• Recorded information
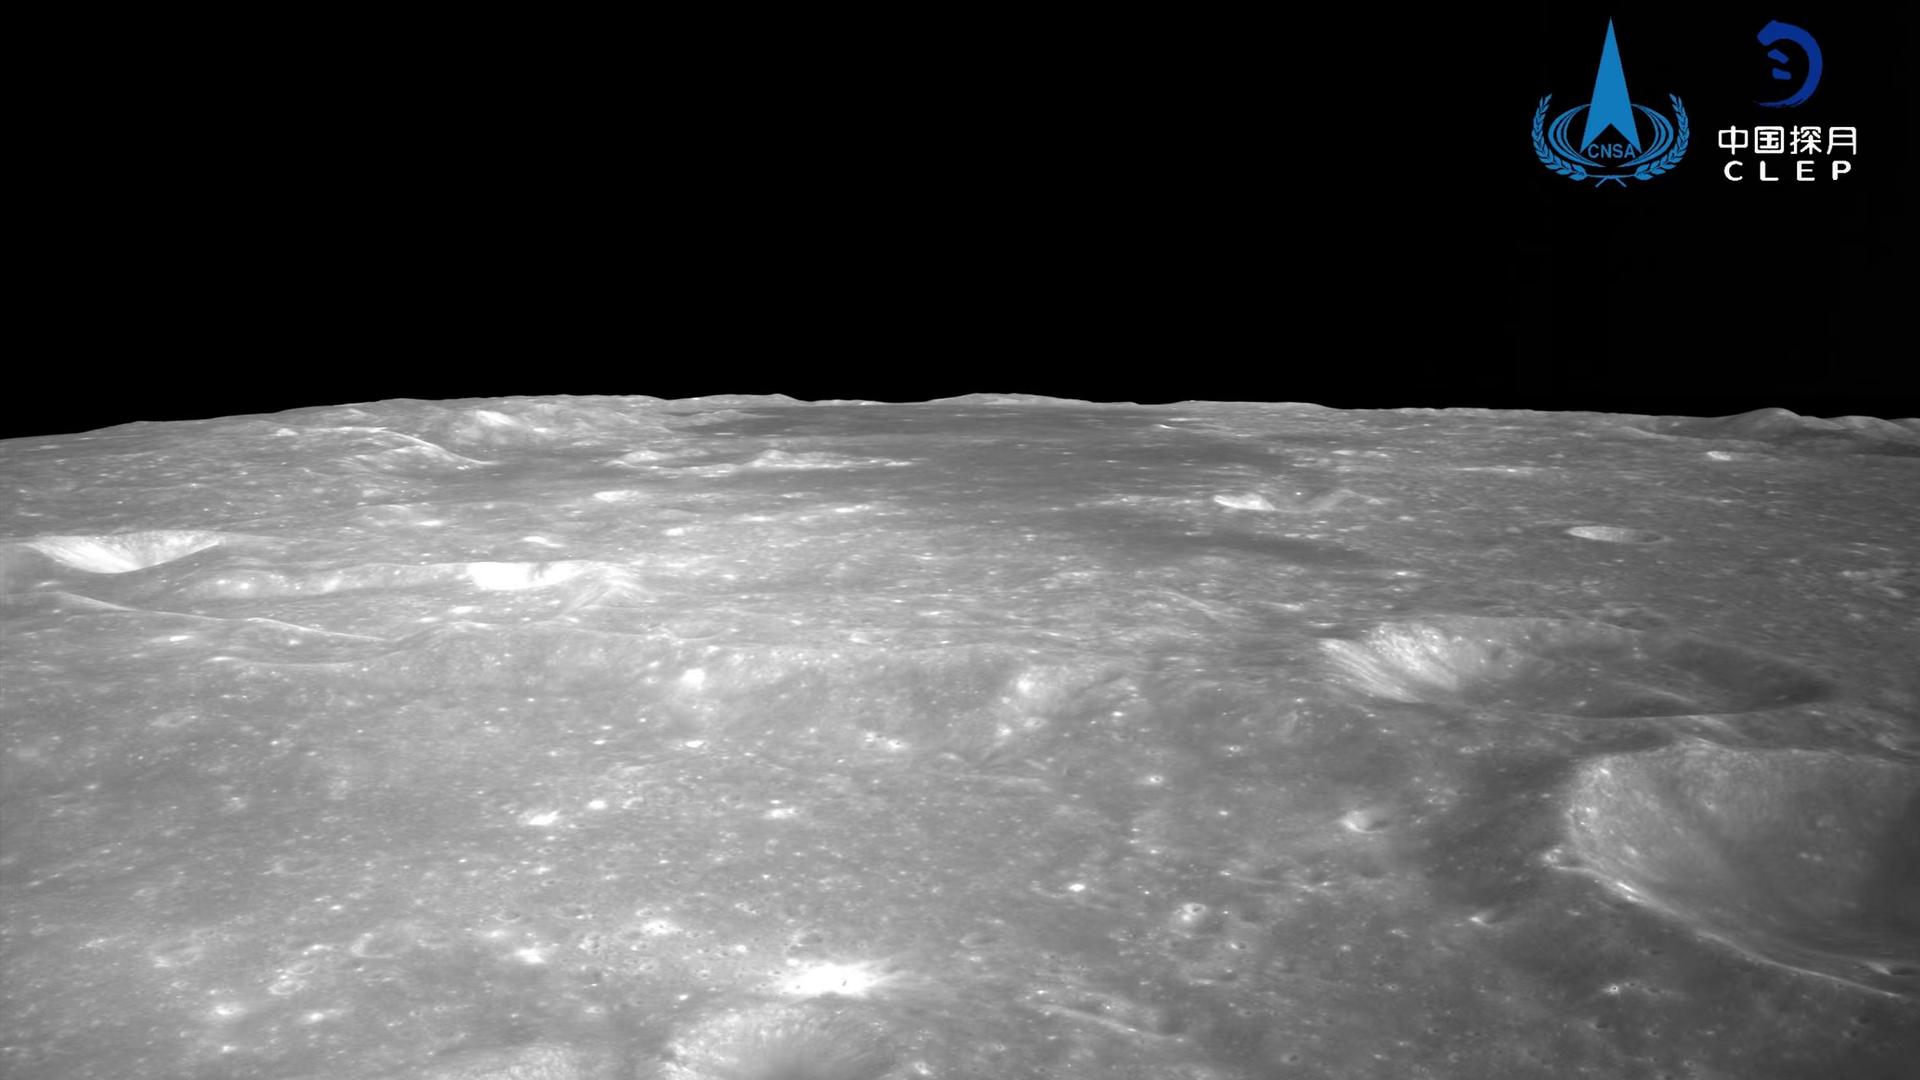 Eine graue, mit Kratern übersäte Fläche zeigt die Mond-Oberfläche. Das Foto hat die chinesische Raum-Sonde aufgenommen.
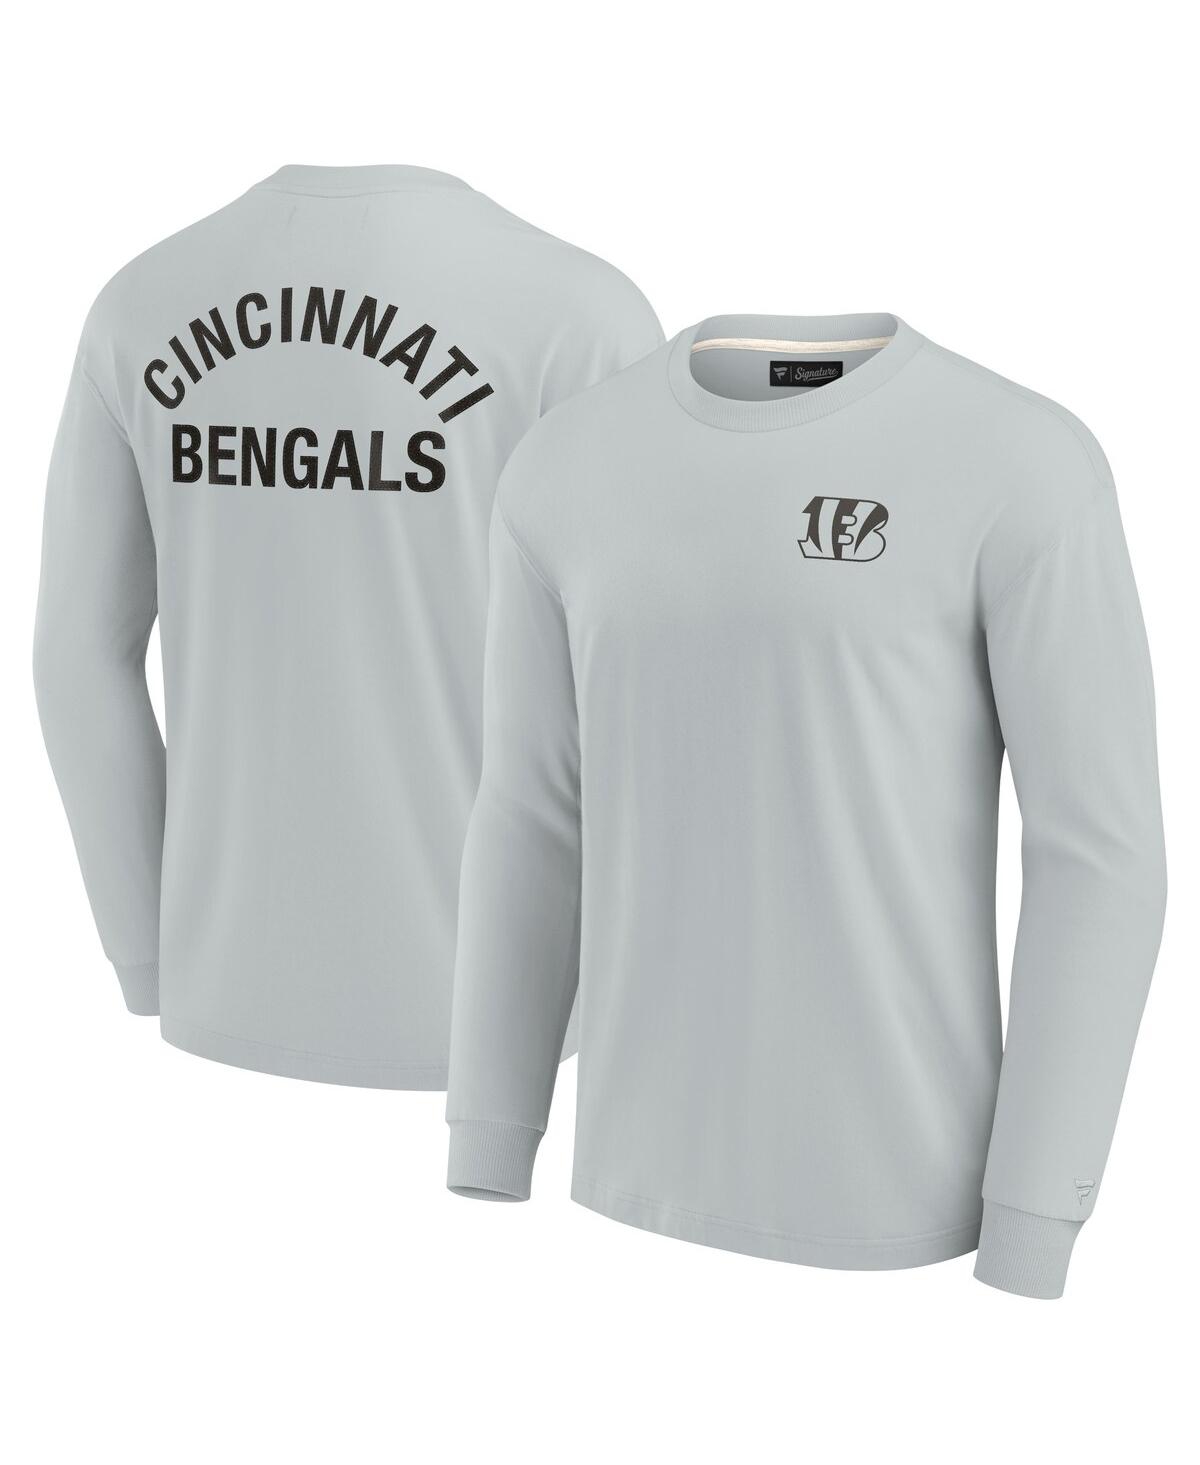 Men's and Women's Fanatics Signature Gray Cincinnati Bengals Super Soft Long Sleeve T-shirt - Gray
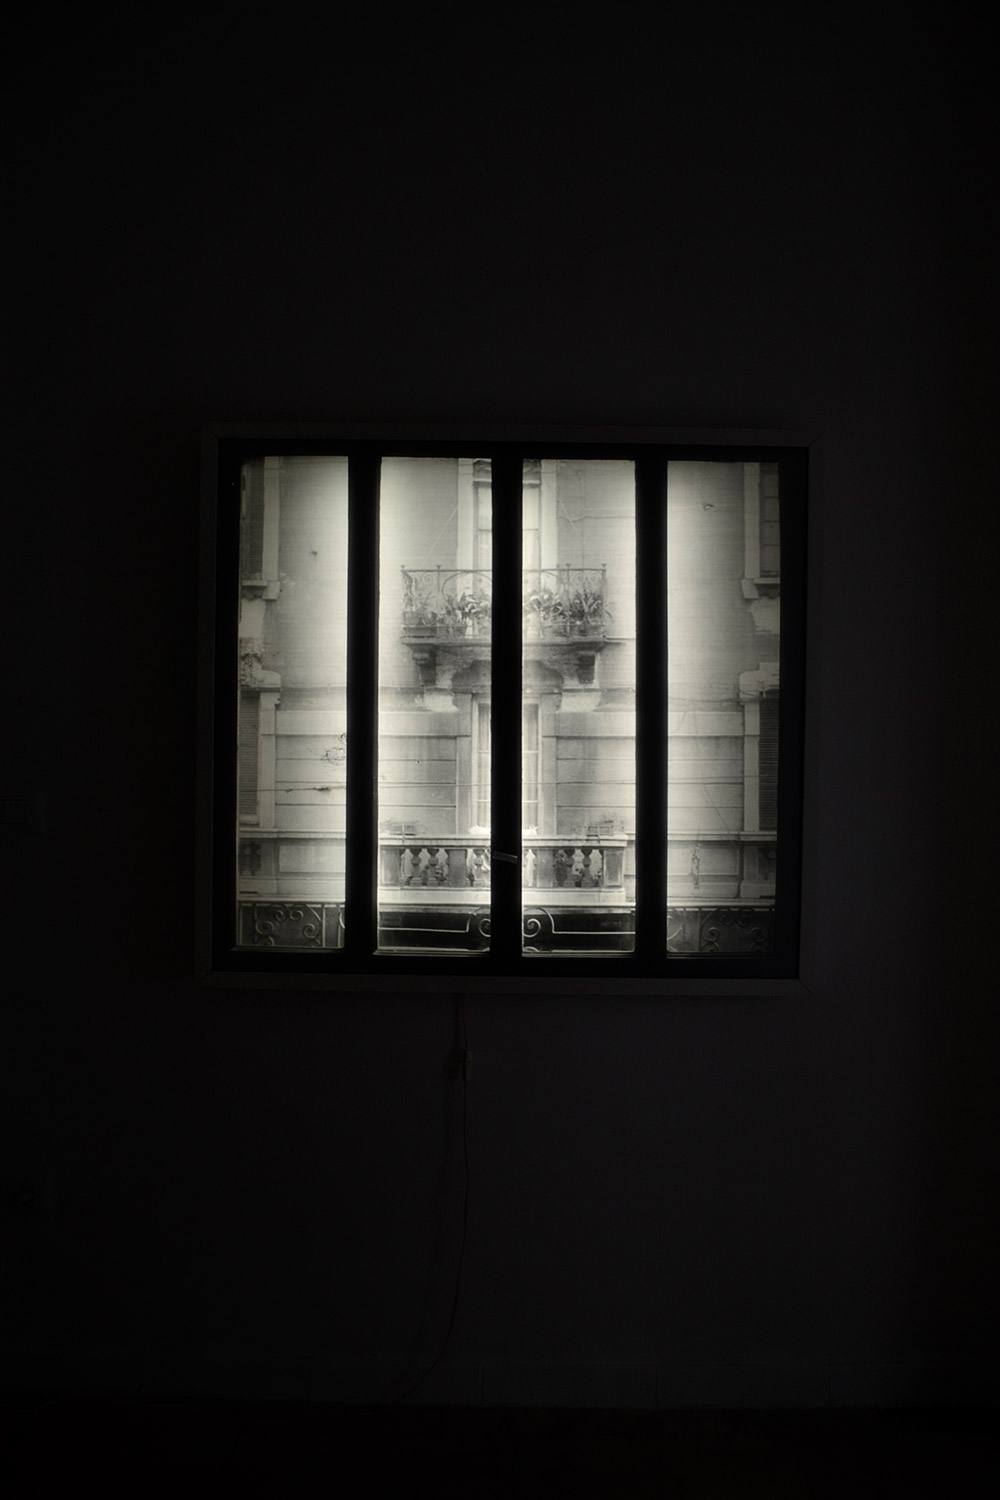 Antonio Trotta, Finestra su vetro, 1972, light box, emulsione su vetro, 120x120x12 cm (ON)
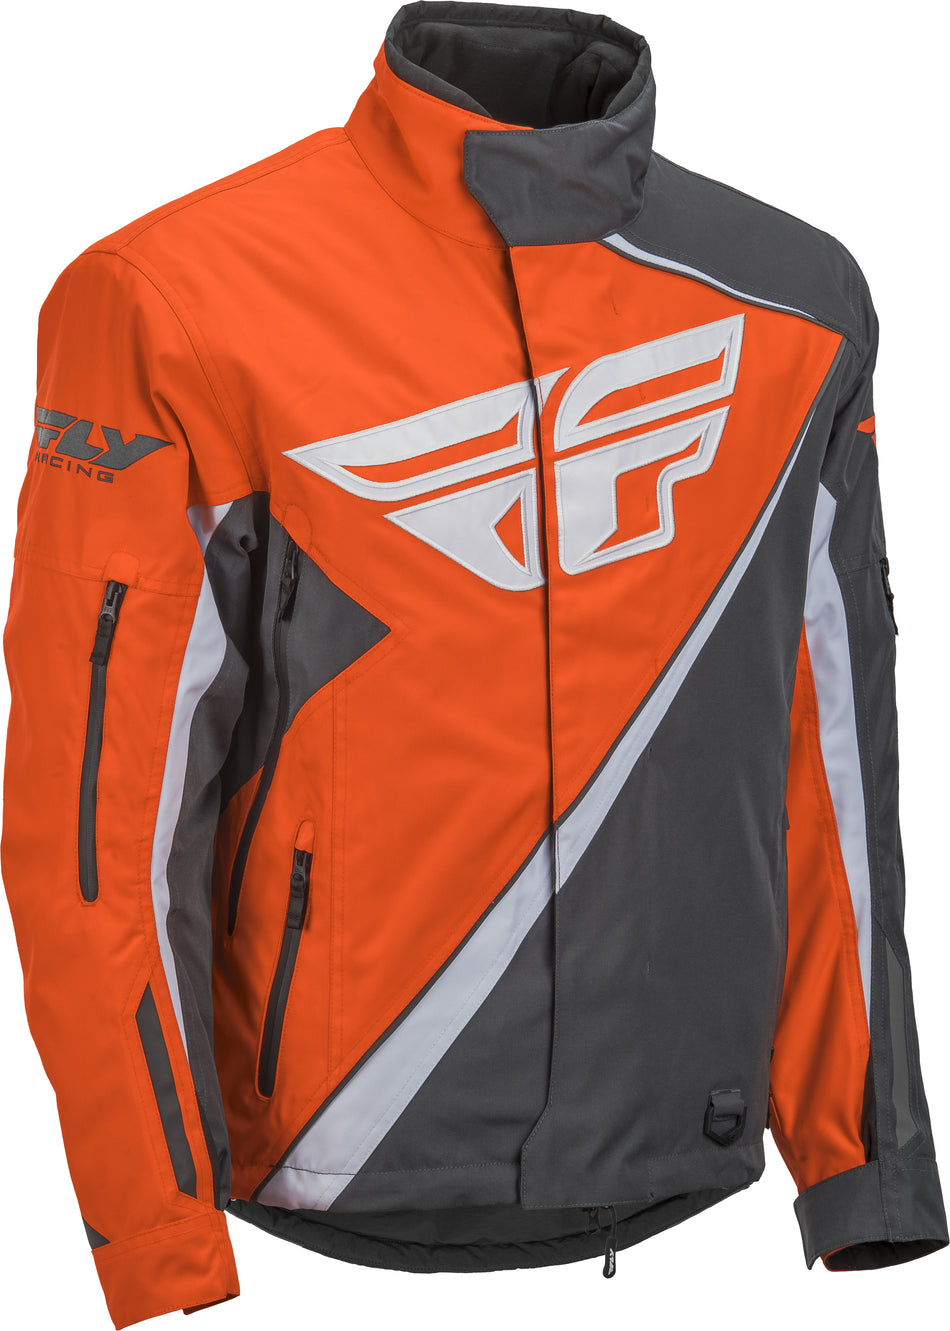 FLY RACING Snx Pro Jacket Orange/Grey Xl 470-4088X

• Directions
Leave every image out, and retype the material exactly.

• The completed task
 Eine graue, mit Kratern übersäte Fläche zeigt die Mond-Oberfläche. Das Foto hat die chinesische Raum-Sonde aufgenommen.
 Men's and Women's Fanatics Signature Gray Cincinnati Bengals Super Soft Long Sleeve T-shirt - Gray
 Antonio Trotta, Finestra su vetro, 1972, light box, emulsione su vetro, 120x120x12 cm (ON)
 FLY RACING Snx Pro Jacket Orange/Grey Xl 470-4088X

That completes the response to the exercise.